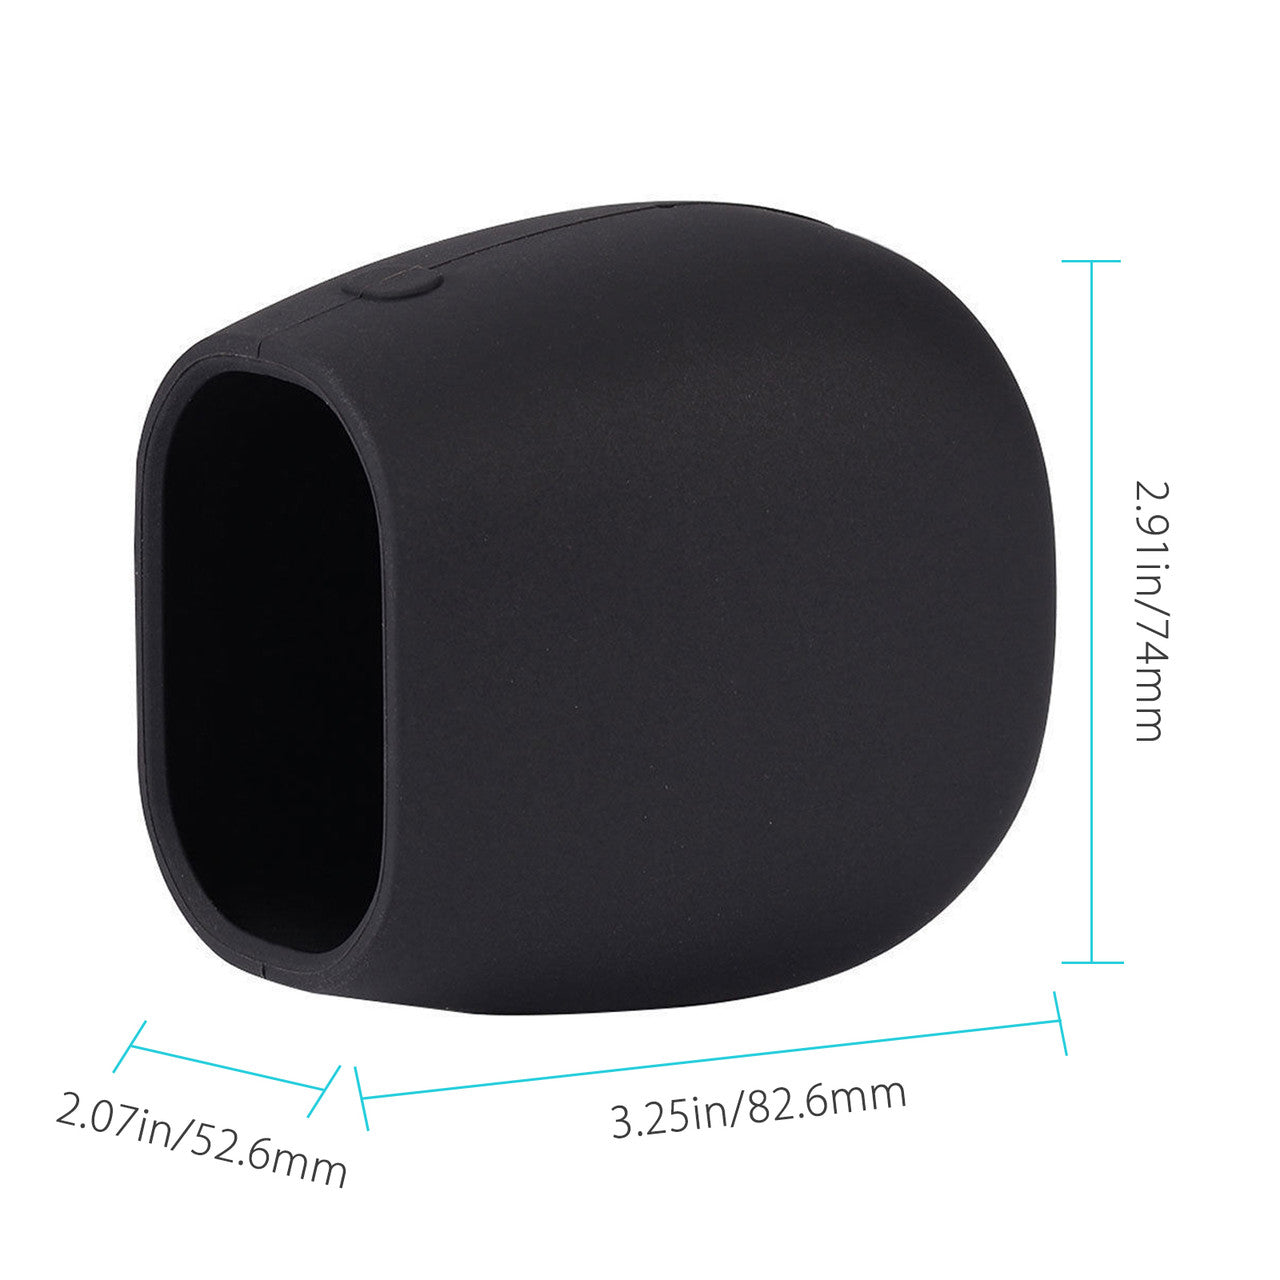 Outdoor/Indoor Silicone Skin Protector Case Cover for Arlo Pro Security Camera
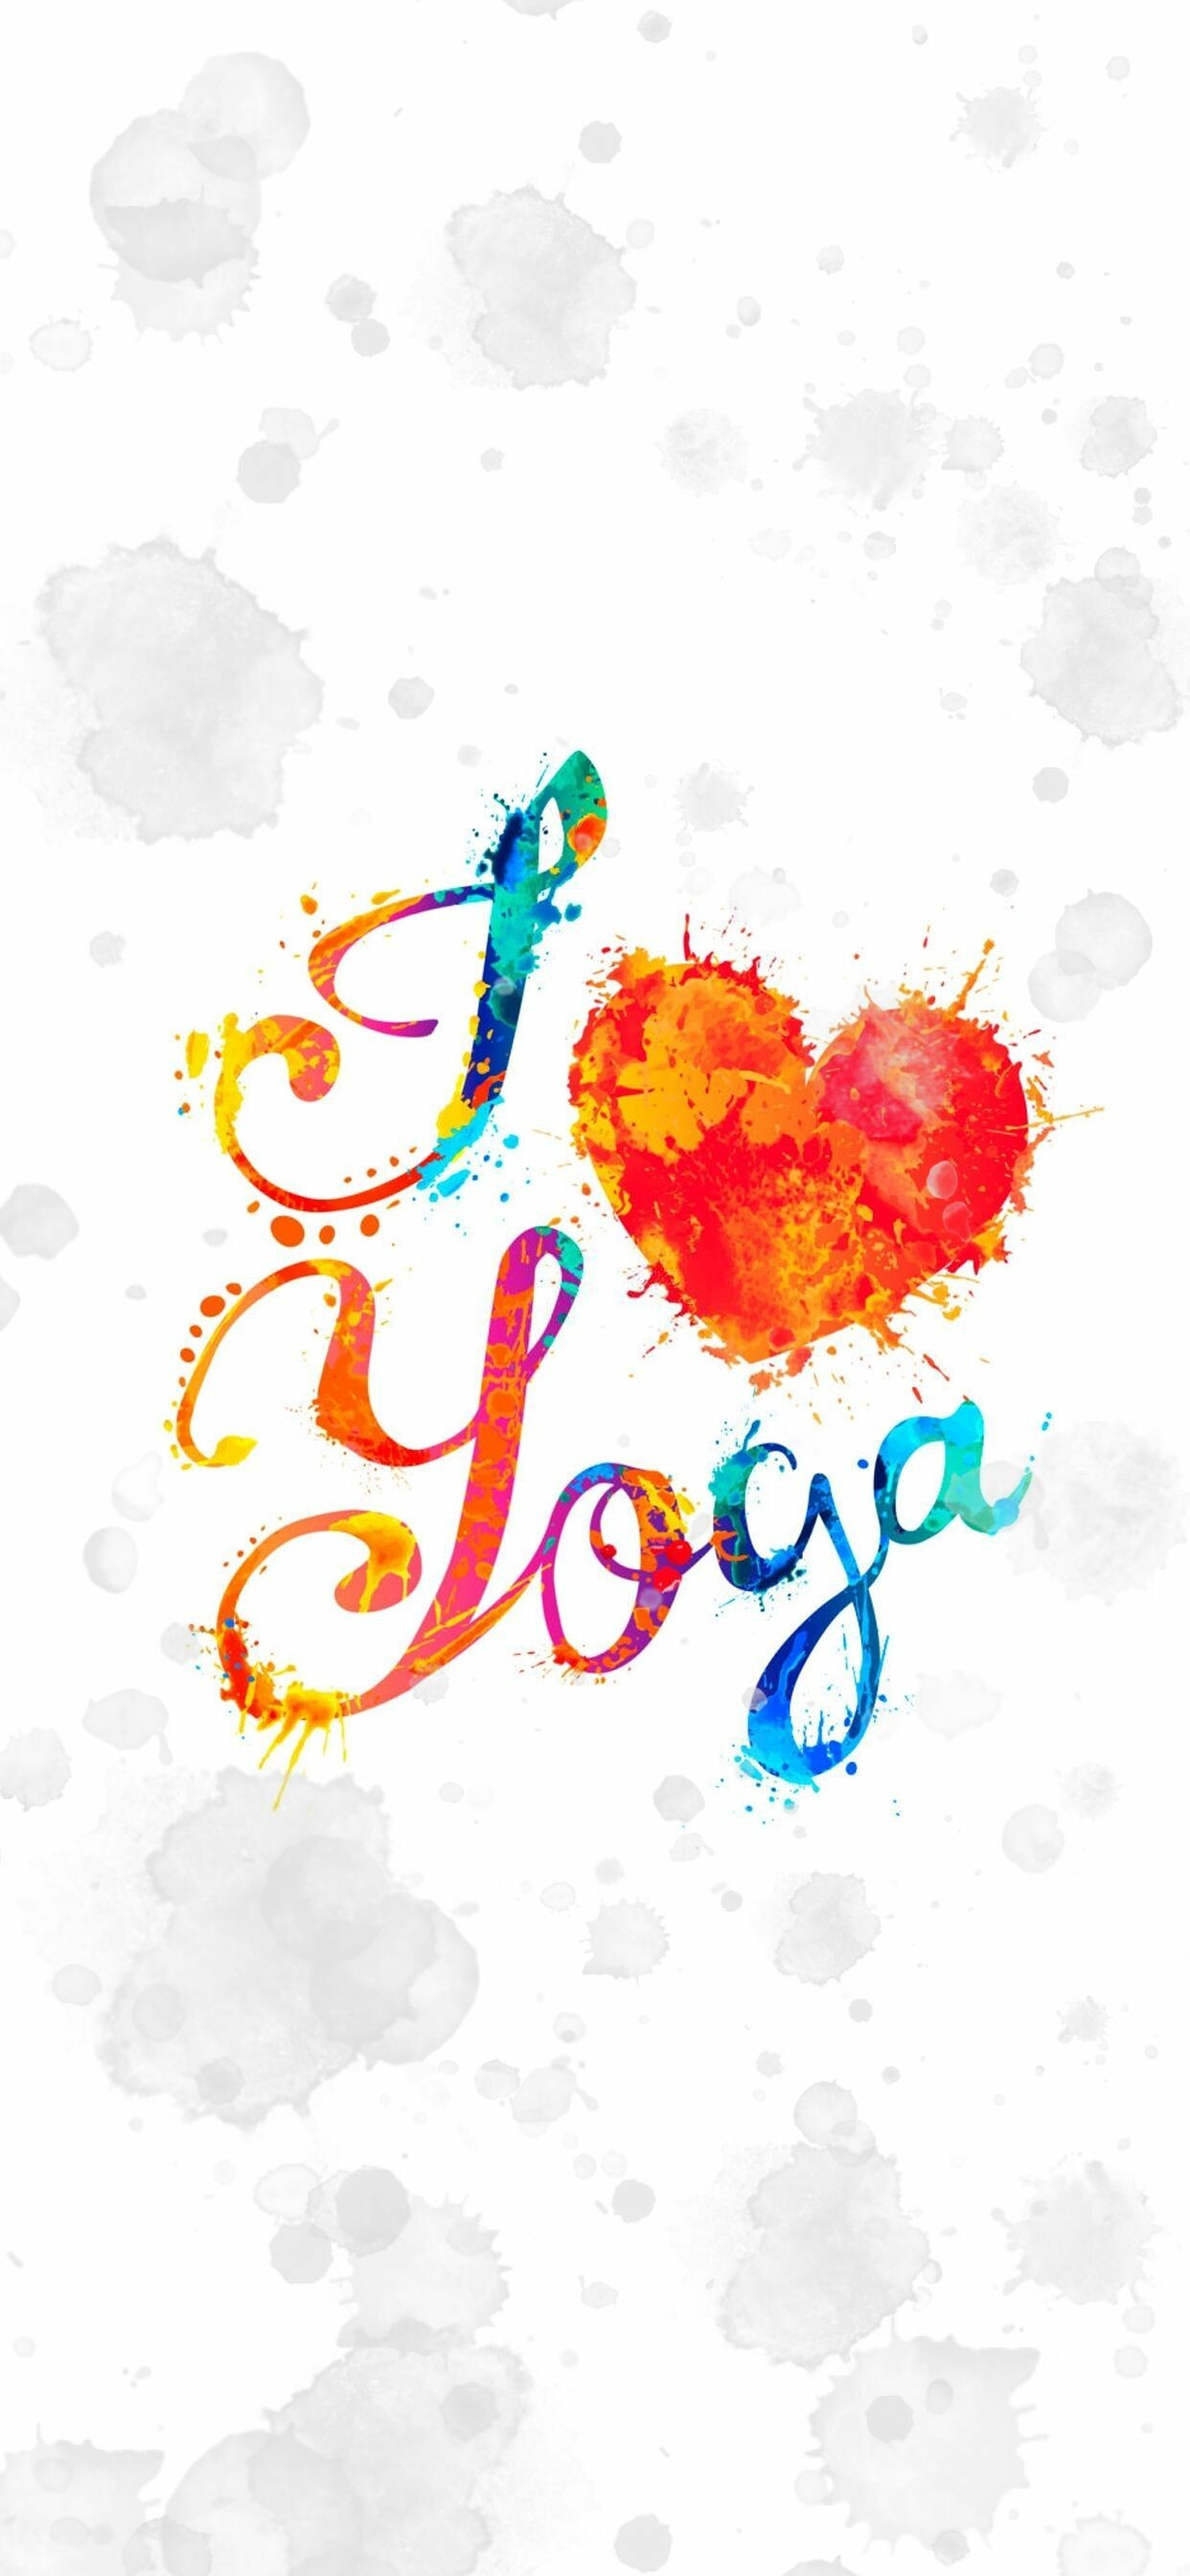 Yoga: A group of physical, mental, and spiritual practices or disciplines which originated in ancient India. 1250x2690 HD Wallpaper.
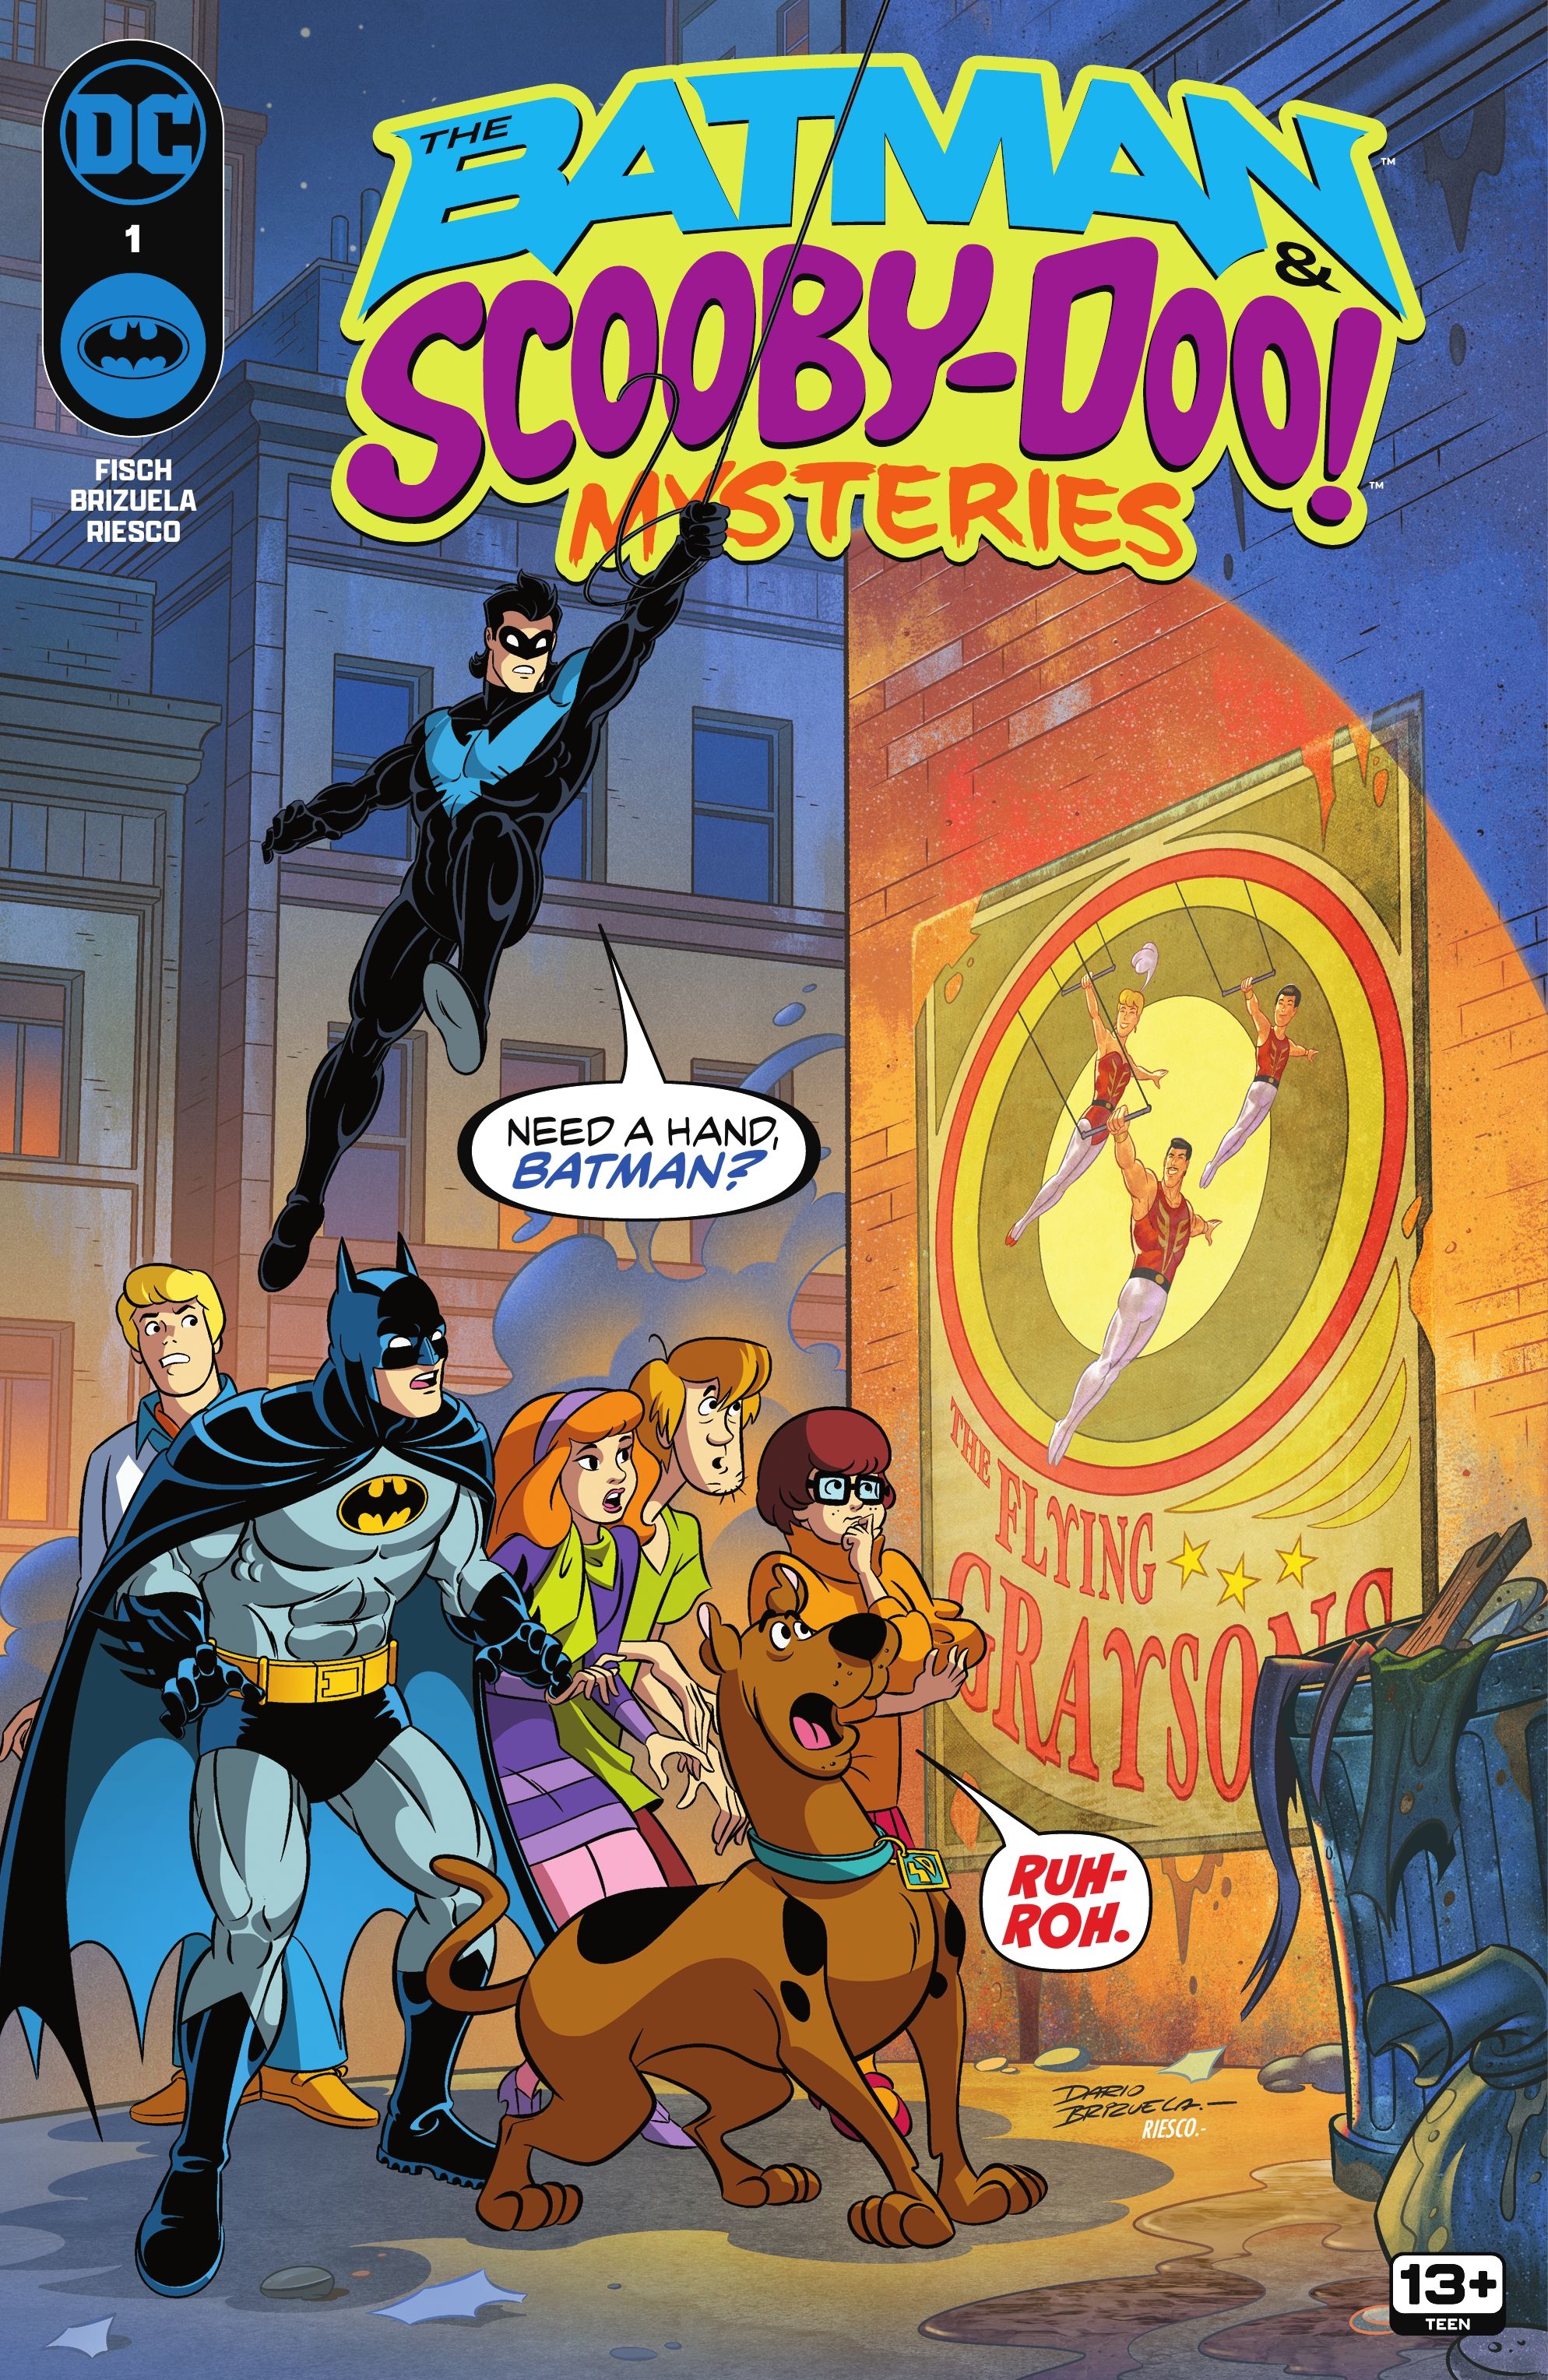 The Batman & Scooby-Doo Mysteries #1 Cover A
:::
Please transcribe the listing above verbatim and exclude every picture.

### YOUR SOLUTION
 Outdoor/Indoor Silicone Skin Protector Case Cover for Arlo Pro Security Camera
 Yoga: A group of physical, mental, and spiritual practices or disciplines which originated in ancient India. 1250x2690 HD Wallpaper.
 The Batman & Scooby-Doo Mysteries #1 Cover A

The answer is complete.